Résumé
Pourquoi et comment la découverte de la culture "primitive" a-t-elle joué un rôle aussi important dans le courant moderniste? Voyage dans des aspects fascinants de l'inspiration de Matisse, Derain, Van Gogh, Picasso et bien d'autres.
Extrait:
The discovery of ‘primitive' culture by artists is usually said to have occurred in the years 1906-1907. But the word ‘primitivism' was already used then as an art-historical term meaning ‘the imitation of the Primitives', that is, the imitation of styles as different as those of the ancient Egyptians or the Aztecs of Mexico, or those of Persia, India, Cambodia, or even Japan.
With the ‘discovery' of African and Oceanic masks and figure sculptures by Matisse, Derain, Vlaminck, and Picasso in the years 1906-1907, a strictly modernist interpretation of the term began: ‘primitive' art simply became increasingly identified, during the following quarter-century, with tribal objects.
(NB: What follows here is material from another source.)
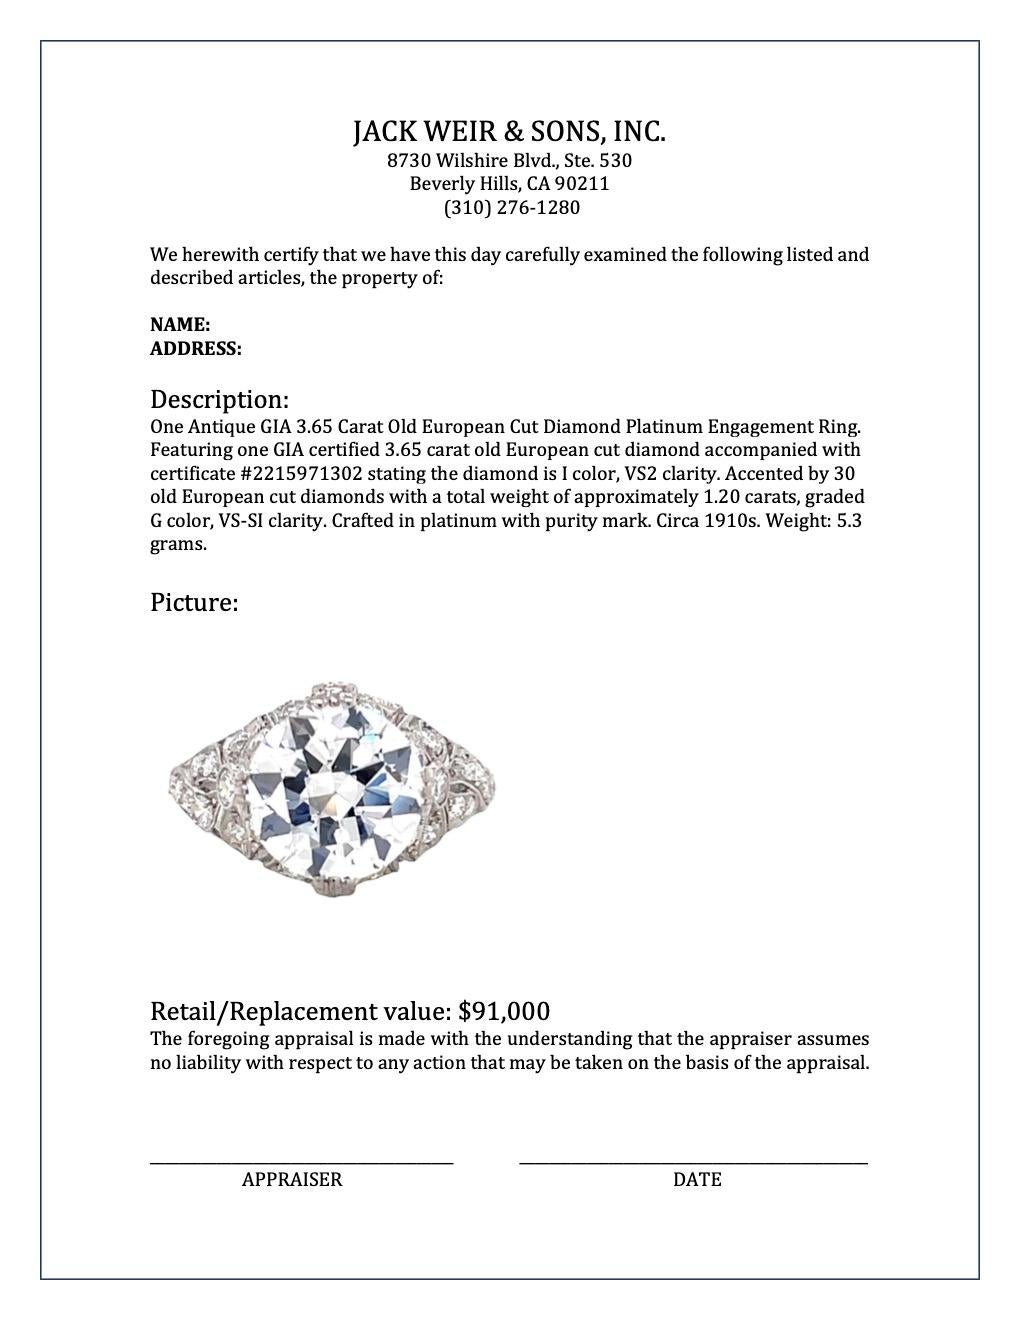 Antique GIA 3.65 Carat Old European Cut Diamond Platinum Engagement Ring 3

More generally though, the modernist artists used so-called primitive art as inspiration to emphasise their commitment to a basic approach. So-called primitive art could thus mean the work of an untrained painter such as Rousseau. Kandinsky also praised the art of children, and sought to paint like a child. Other artists, such as the ‘Fauves' in France, looked to the cultures of Africa and Oceania for inspiration, and incorporated art forms of other cultures into their own paintings.